The main purpose of Insite is to engage a target group of people who have not been reached by conventional services, to help curb the loss of life from overdoses and to curtail the spread of infectious disease including HIV/AIDS and Hepatitis (by prohibiting syringe sharing in the facility). There is an average of 600 visits from people living with serious and persistent addictions to the site each day. Each HIV infection and death from overdose prevented by the program gives one more person the chance, one day, to be on the threshold of a successful life.
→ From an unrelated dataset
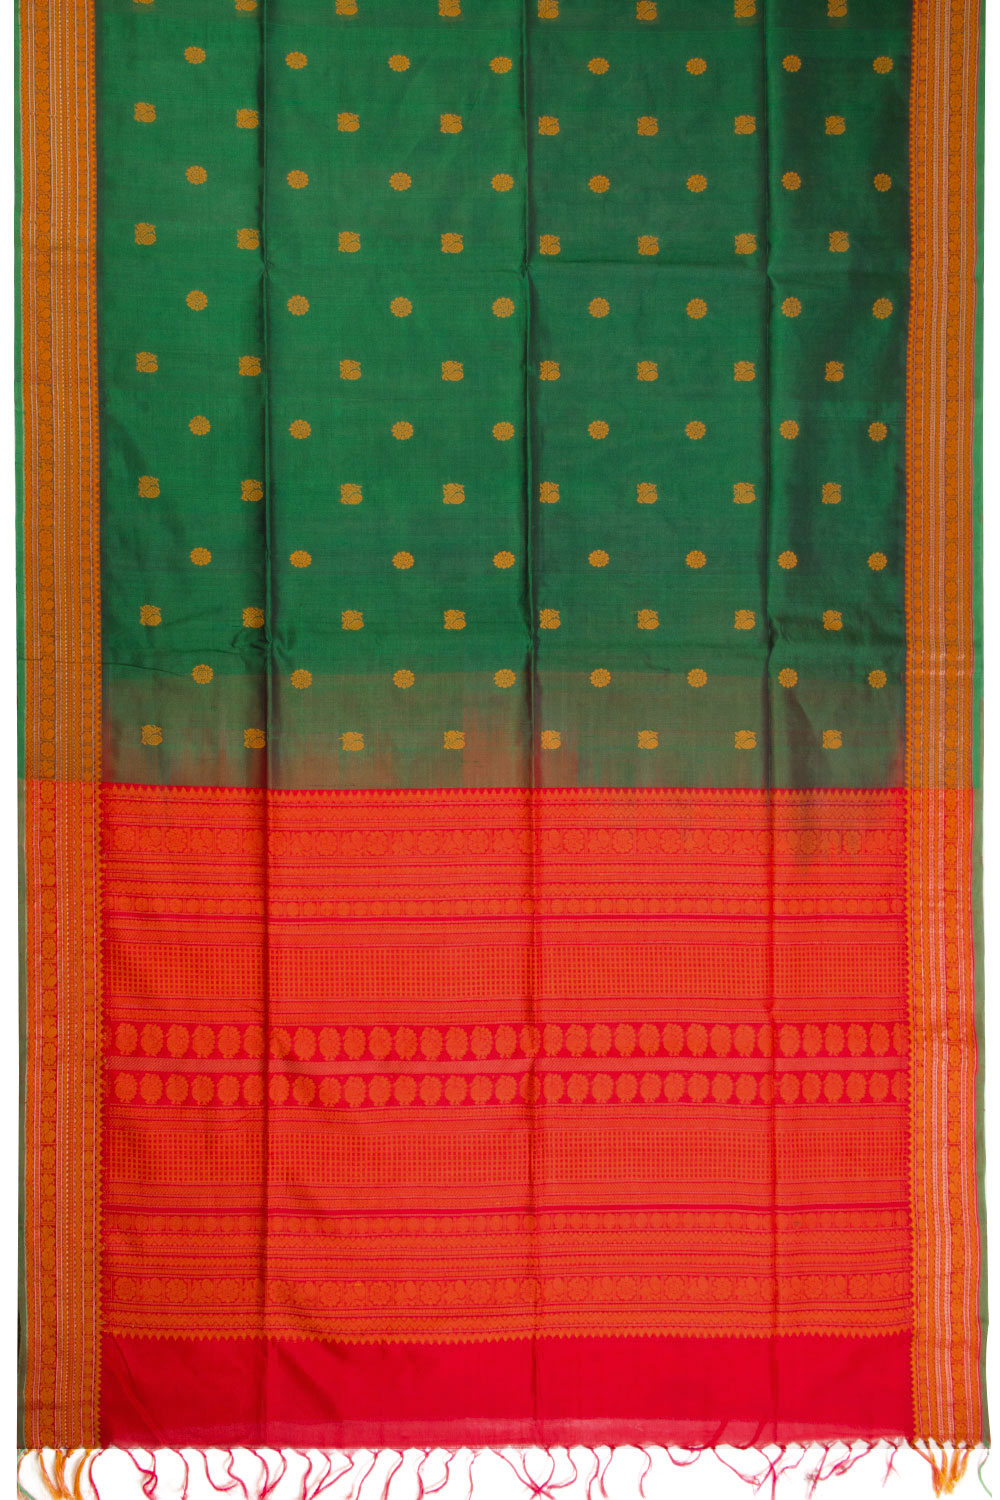 Green Handloom Kanchi Silk Cotton Saree 10069261 - Avishya

To date, 1,000,000 injections that have taken place in the SIF, injections that would have otherwise occurred in the public realm in unsupervised and dangerous circumstances (where overdoses could occur without emergency interventions and syringes could be shared). There have been hundreds of overdose events at the facility, many of which, had they occurred in unsupervised settings would have resulted in death. Exactly how many people would have died, exactly, if the program did not exist is unknown. The answer would require a forbidden medical experiment; the non-existence of the supervised injection facility. But, surely, even one death would be too many.

The project was initially granted an exemption (under section 56) of the Controlled Drugs and Substances Act (CDSA). This exemption covered the facility until 12 September 2006. Near the end of Insite's three-year exemption for scientific study, a conservative government came into power on 6 February 2006. At this point, Stephen Harper, the first conservative Prime Minister in 13 years in Canada, appeared to take a political interest in the fate of the SIF.
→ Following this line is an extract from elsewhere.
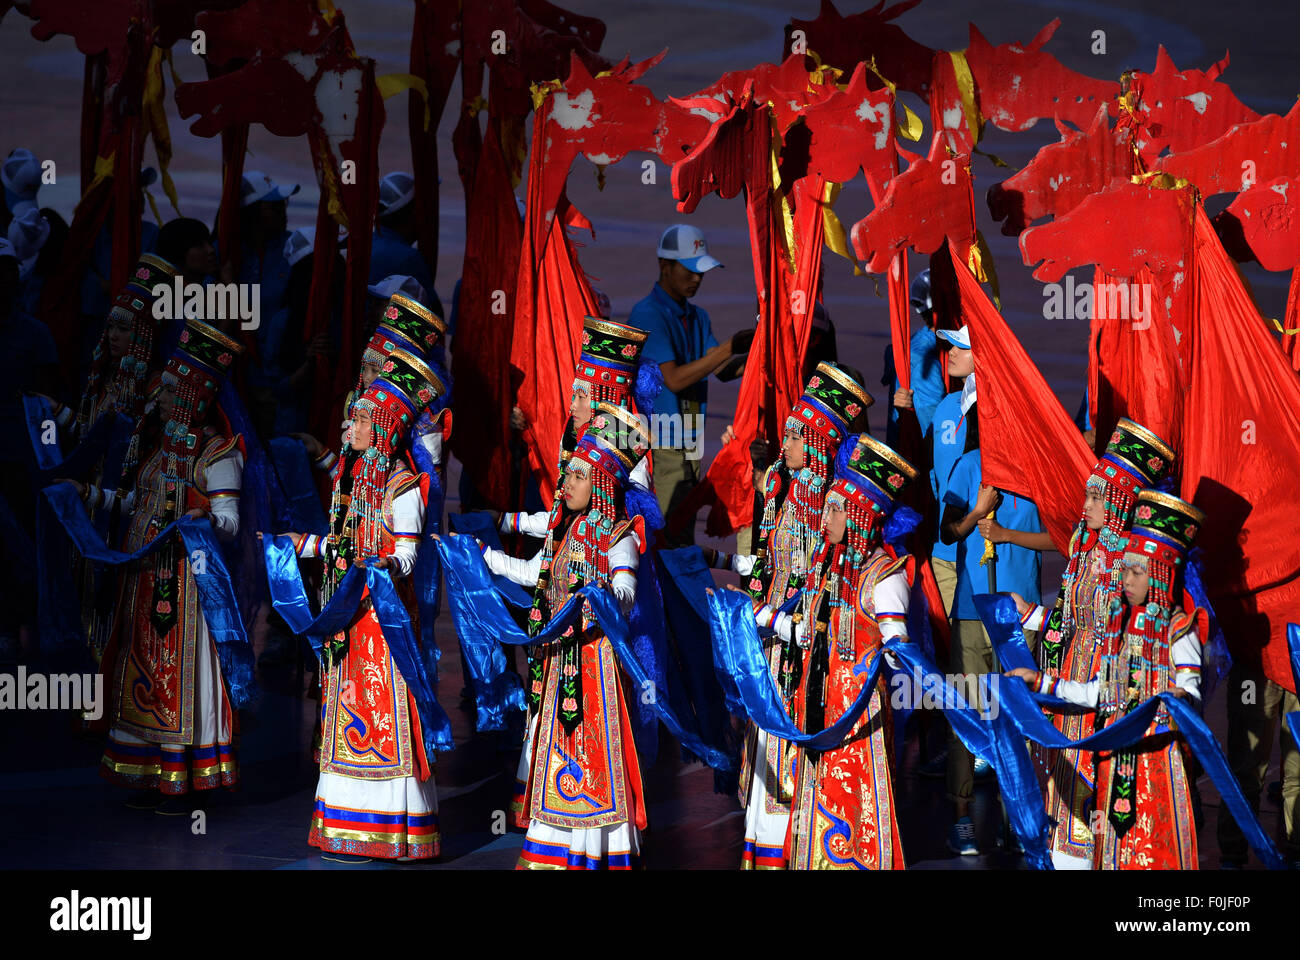 L'Ordos, Chine, région autonome de Mongolie intérieure. Août 17, 2015. Les artistes interprètes ou exécutants présents hadas, une sorte de cadeau d'accueil de Mongolie, sur la cérémonie de clôture des 10e Jeux traditionnels des minorités ethniques de la Chine dans l'Ordos, Chine du nord, région autonome de Mongolie intérieure, le 17 août, 2015. Le 9-journée 10e Jeux traditionnels des minorités ethniques de la Chine a fermé ici sur Augest 17. Credit : Ren Junchuan/Xinhua/Alamy Live News Banque D'Images

In fact, like all human rights issues, the fate of people with addictions and their families should not the subject of partisan politics. Addiction is a deeply human issue that touches every spectrum of society. According to the UNAIDS Joint Programme on HIV/AIDS, one-third of the HIV infections outside the sub-Saharan world are due to injection drug use [14]. In addressing the pandemic of drug addiction, we do not have luxury of playing political parlour games. Notwithstanding, PM Harper gave no indication about the fate of the project until Friday 1 September 2006 after receiving the results of an opinion poll commissioned through his office that indicated Canadians supported the supervised injection facility and needle exchange programs [15]. Following the opinion poll, he commanded his Health Minister to grant Insite a temporary extension to operate until 31 December of 2007. Neither the PM nor the Health Minister provided any long-term plan, beyond temporary reprieve, for the operational sustainability of Insite. They left the healthcare providers, the Province of British Columbia and people with addictions wondering, waiting and worrying.
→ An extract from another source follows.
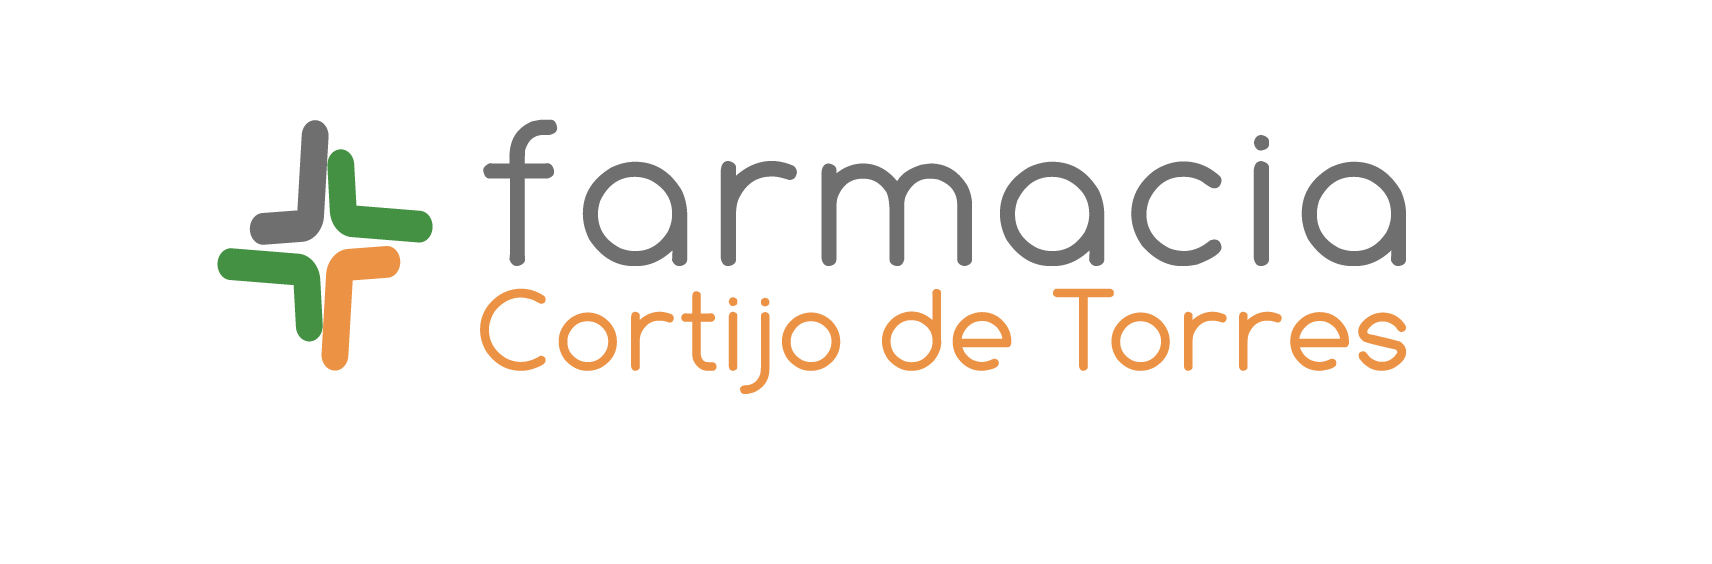 Farmacia Cortijo de Torres

On 2 October 2007, Health Minister Tony Clement was ordered a second time by the Prime Minister to provide a temporary exemption for Insite's operation under the Controlled Drugs and Substances Act. This federal permit was extended to 30 June 30 2008. This extension was explicitly granted under the condition that further research could be completed to examine the impact of Insite on crime, treatment and prevention. Notably, the conservative Prime Minister and Health Minister have erased harm minization and the Four Pillars approach to addiction under which the SIF was established. While no one tree grows to heaven when it comes to addiction, the SIF has emerged through the Four Pillars model as an important part of a comprehensive approach to drug addiction. The Four Pillar approach to drug addiction was adopted in Vancouver, British Columbia and includes enforcement, harm reduction, treatment and prevention [16] [see Additional file 1]. In missing harm reduction, the federal Health Minister's approach, in contrast, became a kind of three-legged dog.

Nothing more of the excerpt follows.